All of this creates data that has to be sifted through to find problems, which leads to reason number three. There simply is too much data to easily identify bugs and debug only that portion of the data that is causing problems. While most of the big EDA companies are working on higher-level languages for functional verification, the tools are still in their infancy.
What’s in the Toolbox?
Verification engineers use everything at their disposal to speed up the process. That means simulation of hardware and software, formal verification, and VIP. The VIP is a relative newcomer to the process, where tools are outgrowths of technology developed over the past 10 to 15 years.
What’s unusual about VIP is that it can be used to check a specific piece of IP, or to help with overall system-level verification. It’s also incredibly hard to create, because writing VIP requires the VIP creator to understand the IP at least as well, if not better, than the people creating the IP and the overall process in the first place. It’s almost like adding a complementary version of the IP where all parameters that can be imagined are configurable and can be tested.

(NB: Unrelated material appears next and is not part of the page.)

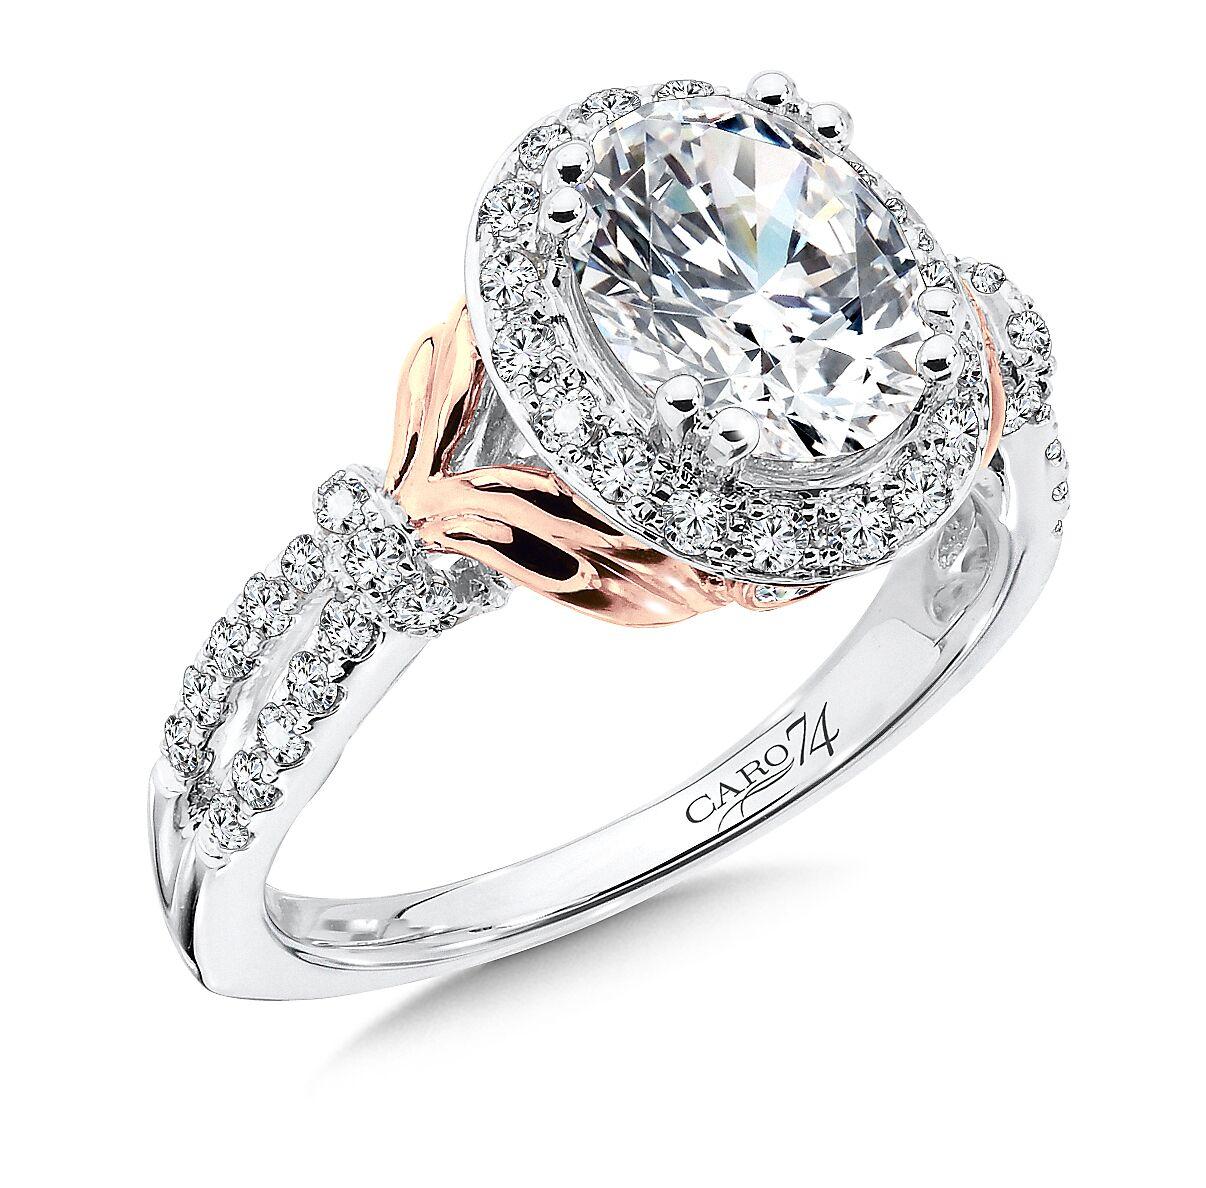 Custom Oval Diamond Ring 5, Shira Diamonds

“For the PCI Express specification, there are 1,000 pages of documentation and it’s all nastily complex,” said Gogolewski. “We have a defined space that includes 500 rules to make sure it’s a valid configuration, then thousands of configurable assertions. For our customer base, building your own VIP is only viable if they’re the very first to market. And, you can’t just be a good programmer or a verification engineer anymore. Now you have to be an expert in both protocols and verification. The number of interfaces is increasing and the complexity of the interfaces is increasing.”
Setting Coverage Models
One of the biggest concerns among verification engineers is the need to establish complete coverage metrics so they know everything that needs to be tested actually gets tested. Shankar Hemmady, a verification engineer at Synopsys, wrote in his recent book on verification that metrics must address code, functional and assertion coverage. For most designs, this has the complexity and variability of a matrix.

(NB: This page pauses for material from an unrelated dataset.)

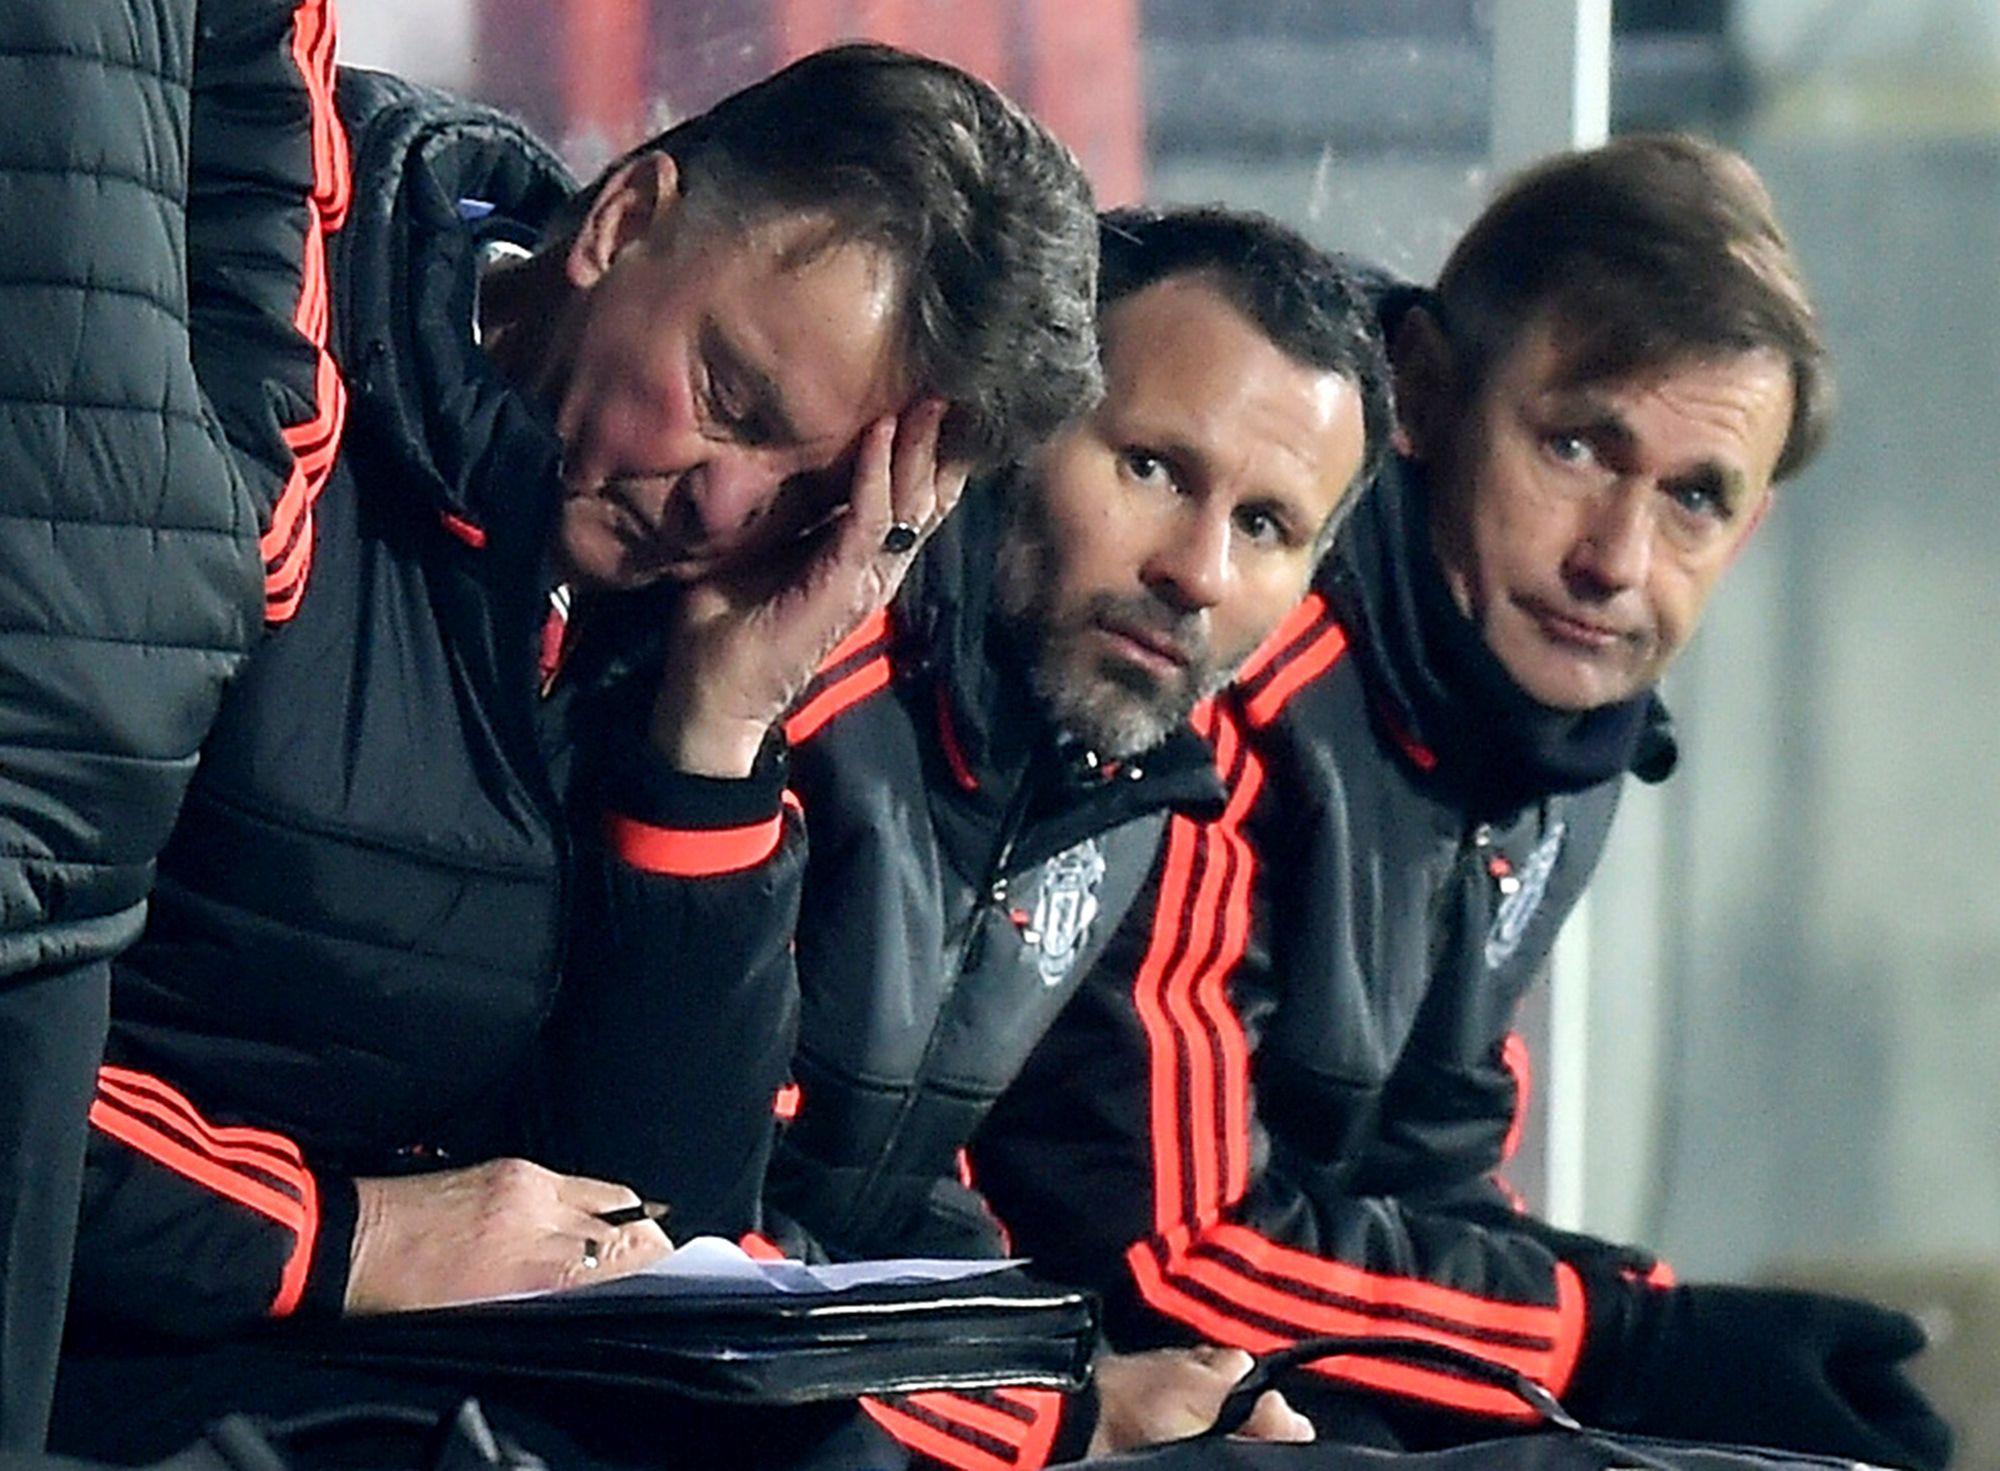 Manchester United manager Louis Van Gaal, left, in Herning on Thursday.

Joe Sawicki, vice president and general manager of Mentor Graphics’ design-to-silicon division, said there are three business contexts for chip designers: low power, a shorter opportunity window and a shrinking average selling price. At the same time, designs are increasing in complexity, manufacturing variability must be dealt with throughout the design cycle, and the cost of testing a chip is increasing.

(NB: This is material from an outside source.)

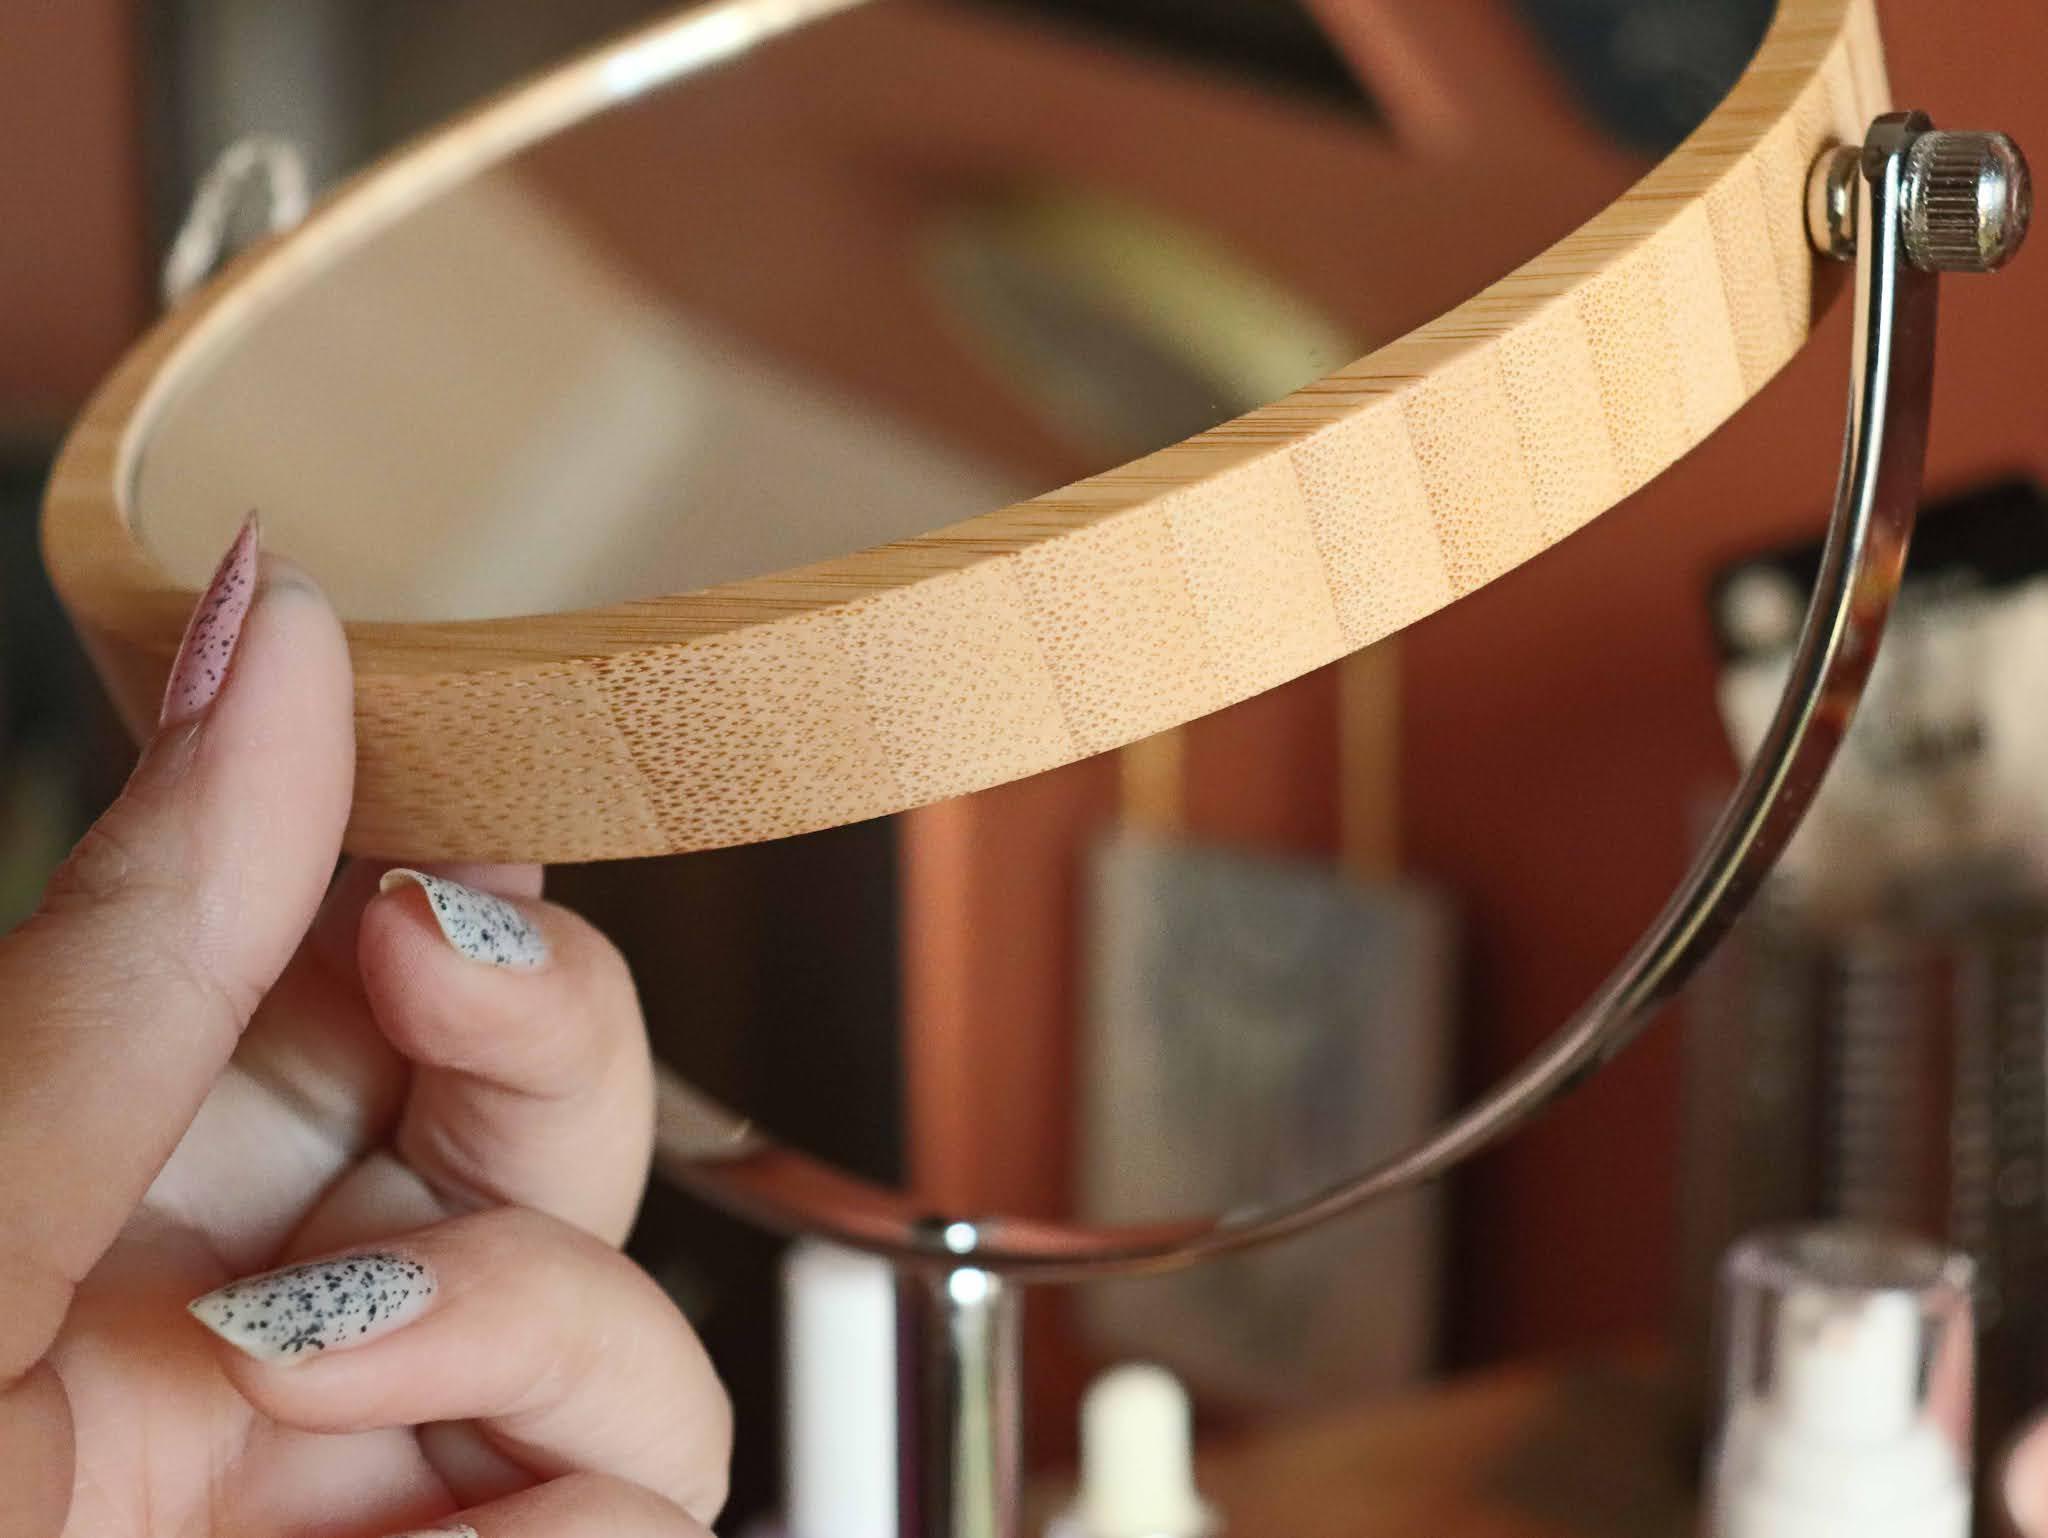 Best Makeup Eco-friendly Mirror - Home Centre

In this context, condensing the time it takes to verify a design, the chip, the software and everything associated with the chip are no longer options. They are requirements—and extremely difficult ones. That’s probably why that even though there is little insight into the actual market size of VIP, a few companies are making money in the business.
KC Rajkumar, EDA and IP analyst for Royal Bank of Canada Capital Markets, said the market for verification IP is one of the few market niches in electronics that has reached maturity and consolidated to a point of equilibrium. But while there are only a few players (Denali and Synopsys are all that really remain) it is an important technology because as designs become more complex, they becomes increasingly hard to visualize.
VIP, done right, can help verify some IP or portion of a design and it can help facilitate system-level verification. So whether you buy it or grow it in house it is critical for the VIP to be flexible and robust.